Even later, during the war with Finland, the Soviet army received the POMZ, a super-effective tension-type mine. According to some versions, it was the development of Soviet-German designers. This theory has a right to exist, since in 1940 the German engineering troops received a complete analogue of the POMZ - the Stockmain combined arms anti-personnel mine.

In 1940, Soviet sappers received two more excellent mines.

PMK-40 weighed only 90 grams, and the charged explosive was powdered TNT. The task of another product, designated PMM-6, was to effectively incapacitate enemy personnel traveling on skis.

In addition to the above-mentioned weapons, the engineering troops are approaching the beginning of the Great Patriotic War with a wide selection of standard explosive means in their arsenal. This made it possible to revive the hitherto ineffective tactics of collecting mines in the field.

Design and principle of operation of OZM-72

A thin metal sleeve with round caps at both ends is inserted into a steel cup (mine body), which is shaped like a cylinder. OZM-72 lids are simultaneously the upper and lower parts of the glass (bottom and ceiling).

The top cover contains a KV-11 igniter primer, equipped with a protective cap against spontaneous ignition.

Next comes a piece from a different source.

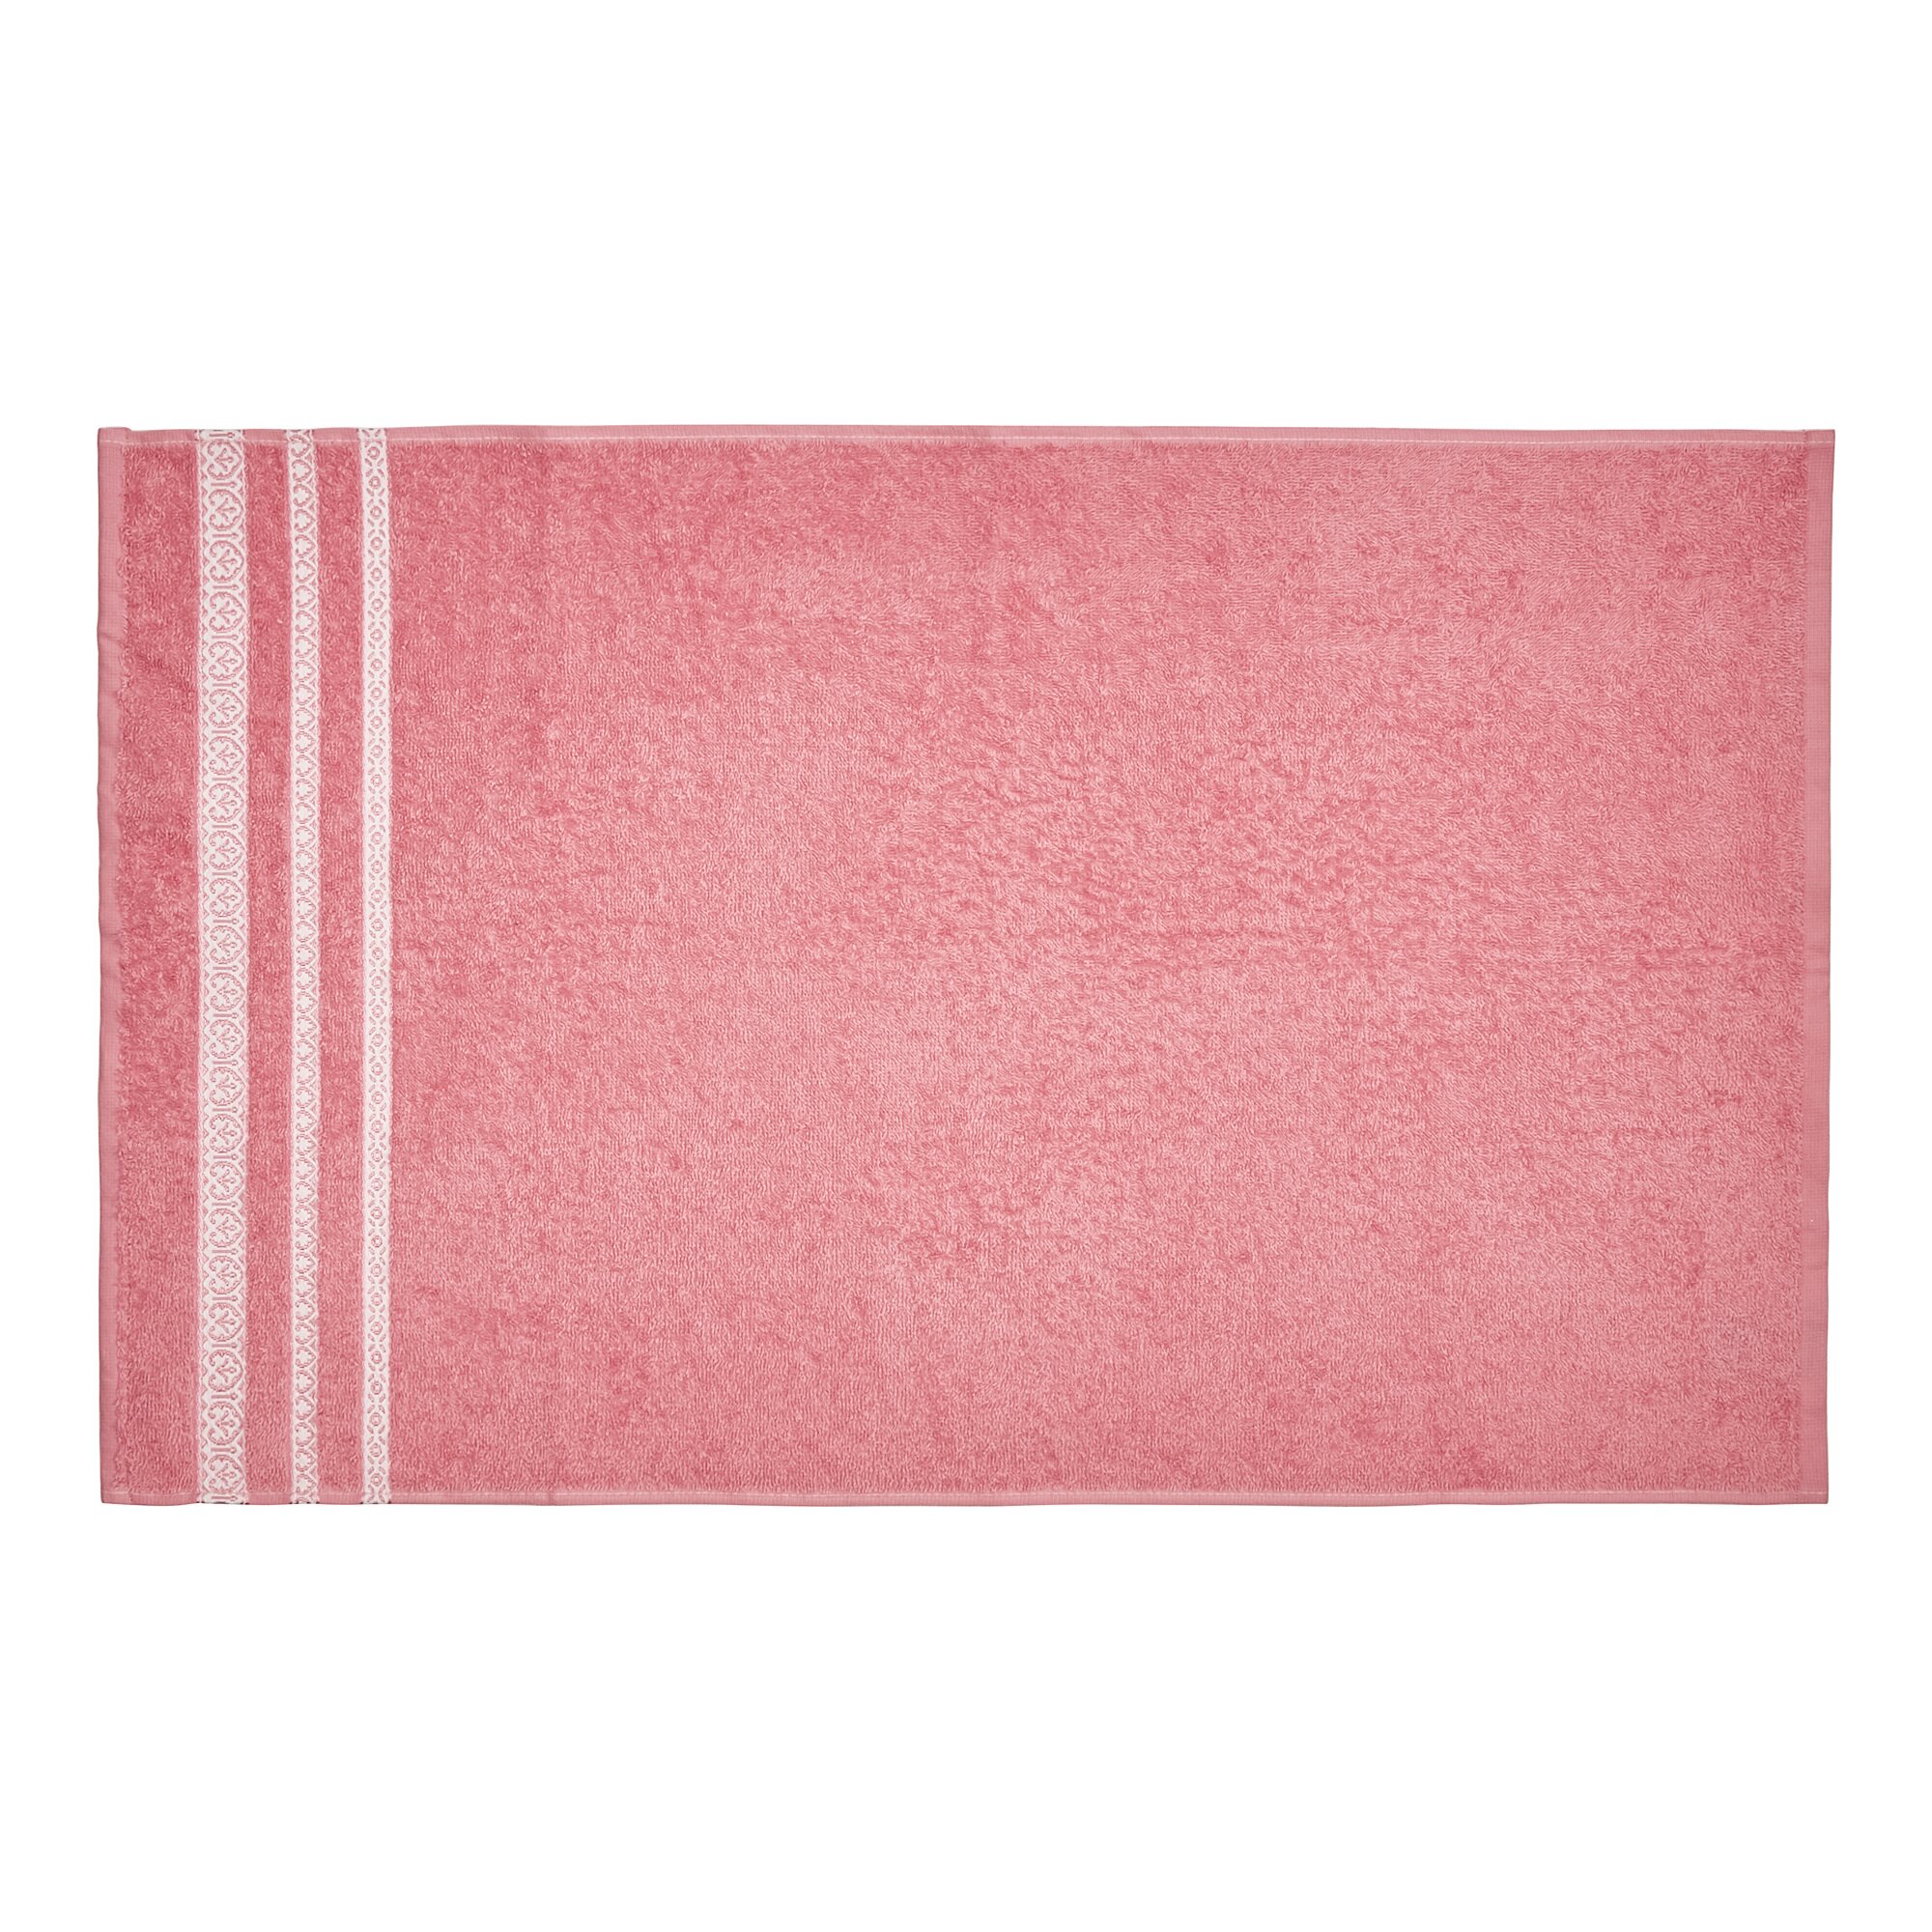 Image of Handtuch mit Namen, rosa

There is also a threaded hole provided for installing a detonator capsule. Both covers fit tightly to the OZM-72 body, are sealed and prevent air and moisture from entering the body cavity.

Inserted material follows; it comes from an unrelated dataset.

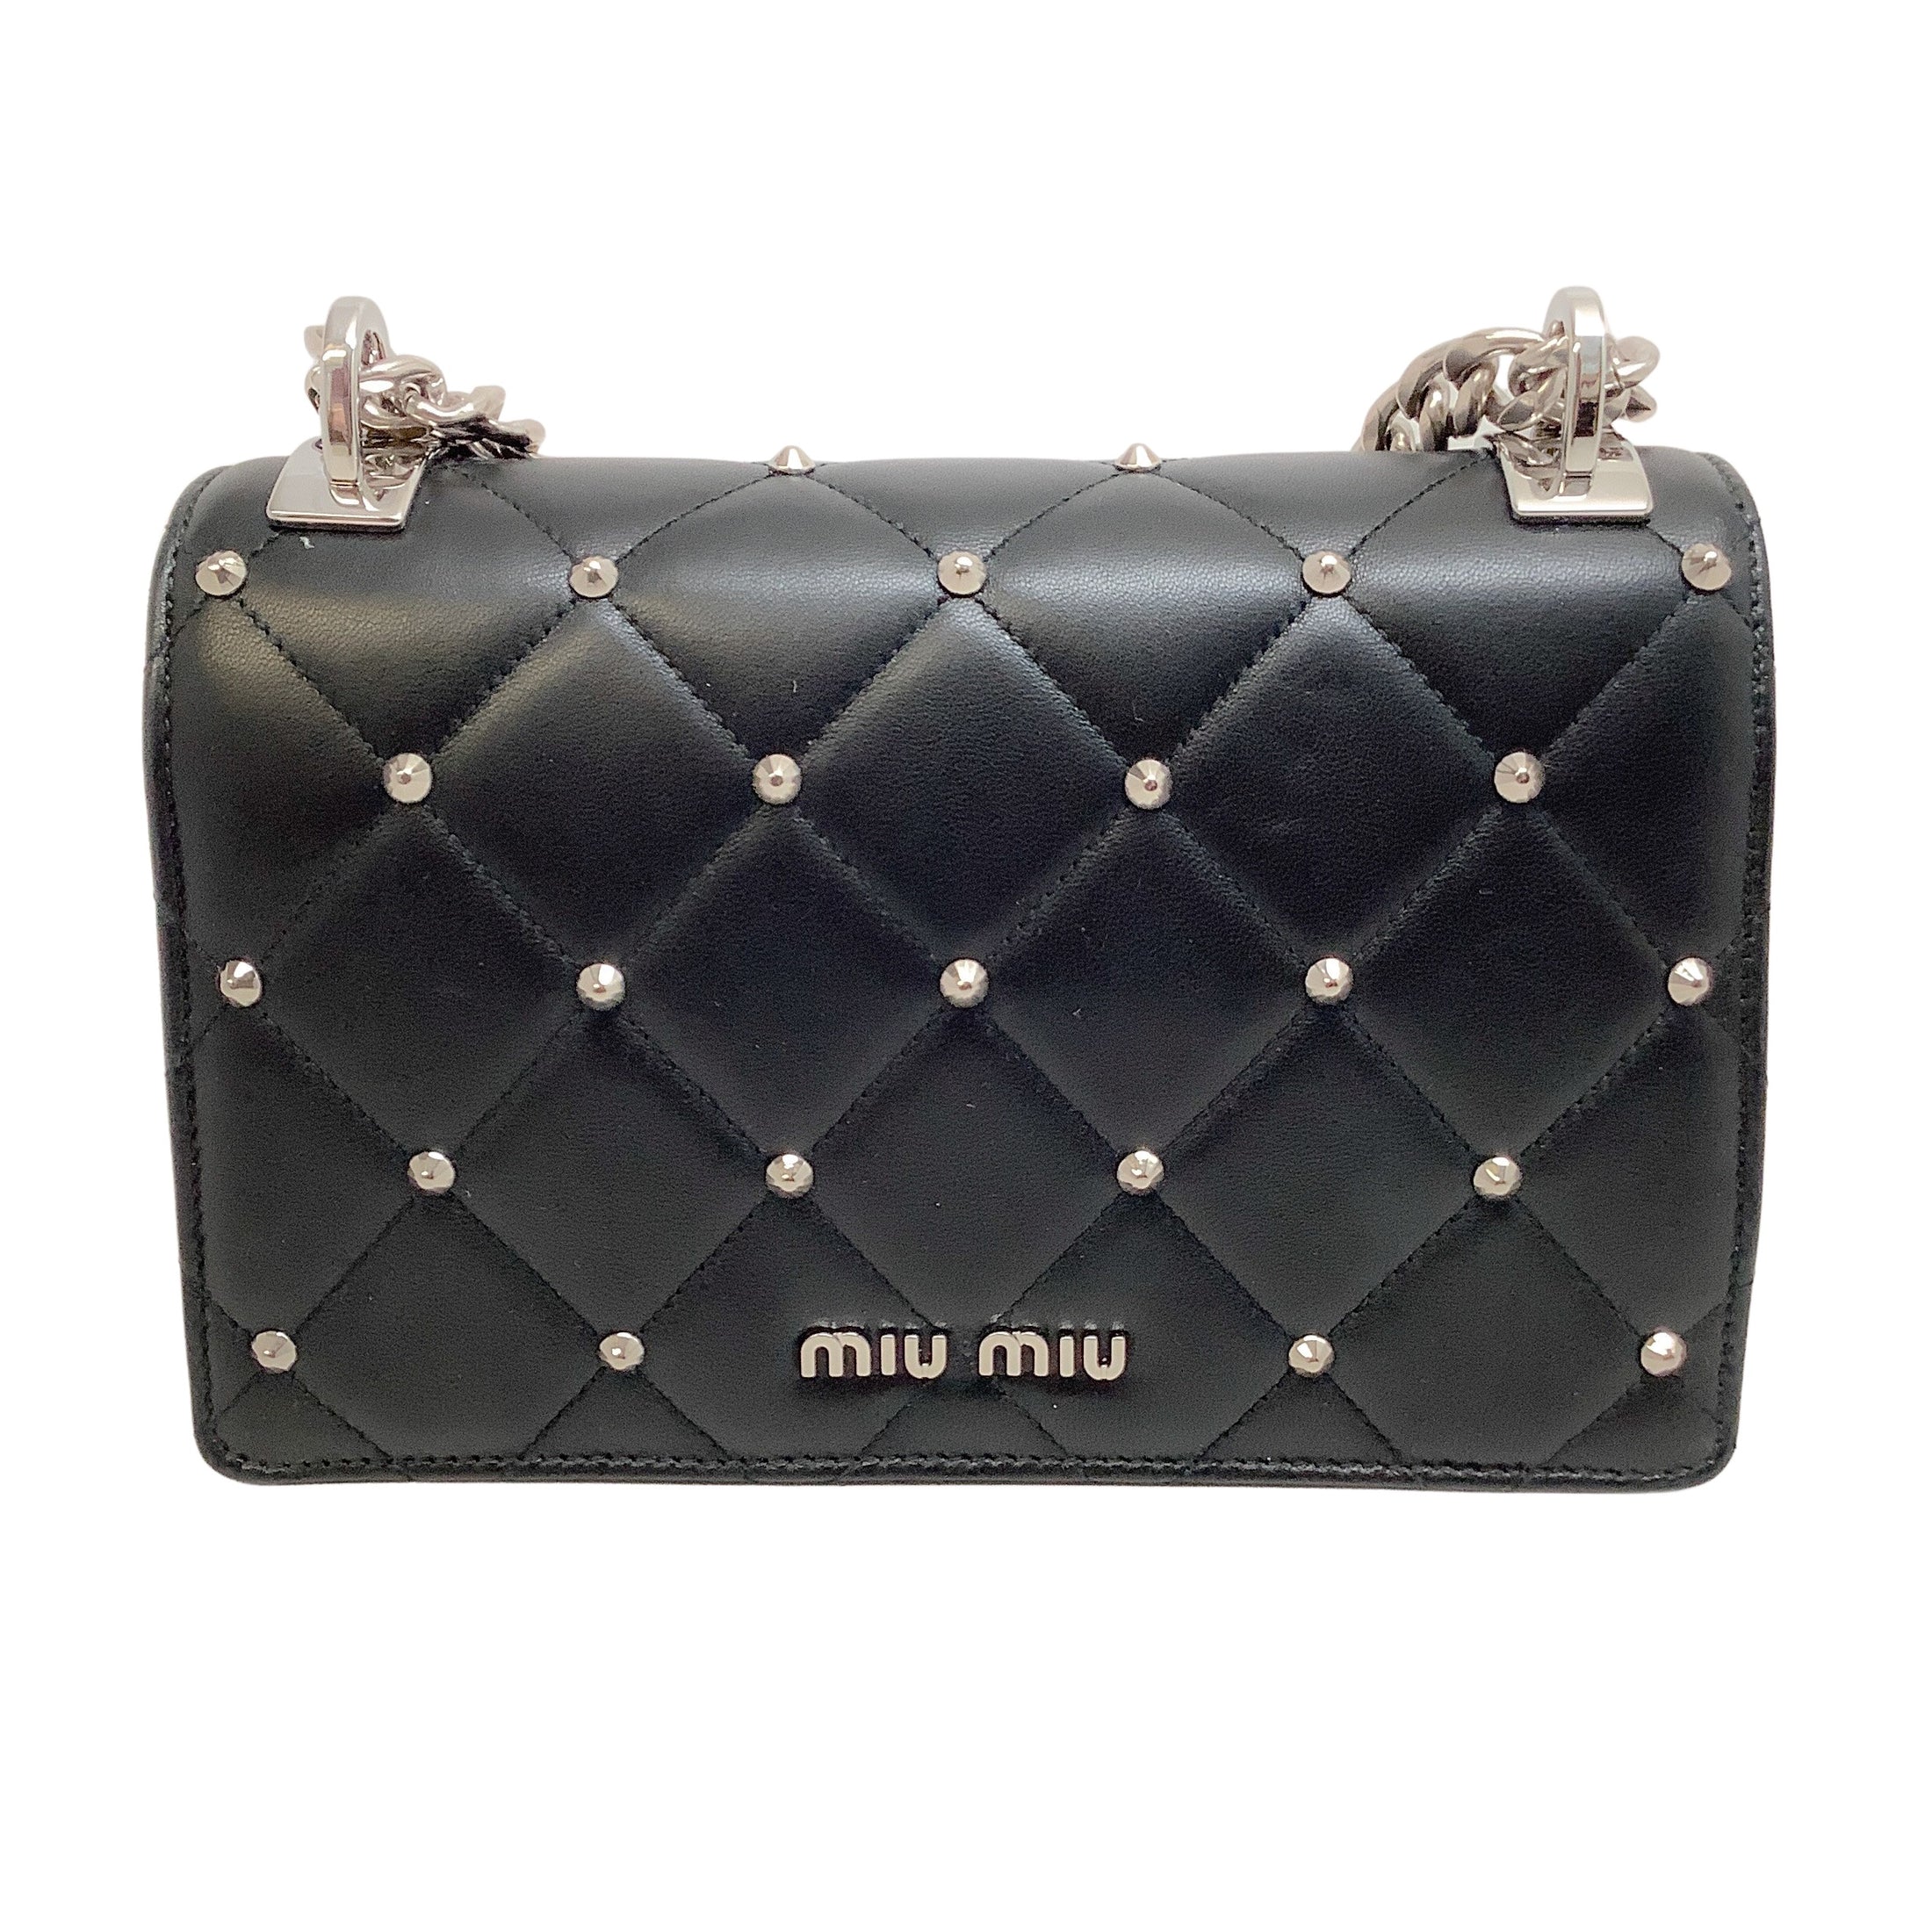 Miu Miu Pattina Nappa Studded Black Leather Shoulder Bag

At the bottom of the tube connecting the lower and upper covers there is an OZM-72 expelling charge - black (smoke) powder in a moisture-resistant bag. Just below there is a striking mechanism. The volume of the OZM-72 body is filled with a charge, which consists of 2400 metal balls packed in a dense plastic bag.

At the bottom of the OZM-72 body, immediately above the bottom cover, there is a cable attached to it, laid in a special chamber. Its length ranges from 500 to 900 cm. To install a mine, it is necessary to have two tension cables. Both elements are connected to the fuse, and are supplied with connecting wire and carabiners. With their help, a mine is mounted on a piece of terrain.

To install OZM-72 tension cables on the ground, wooden and metal pegs are required. A fuse of type MUV-3 or MUV-4 is screwed onto a hole in the connecting tube.

When the OZM-72 fuse detonates, an additional powder charge (tetryl) is ignited.

He ignites the black powder in the bag located at the bottom of the tube. The resulting gases eject a combat charge filled with fragment balls from the cylindrical base of the OZM-72 mine. It flies up to 1 meter above the ground and explodes, hitting all objects around it located within a radius of 25 meters.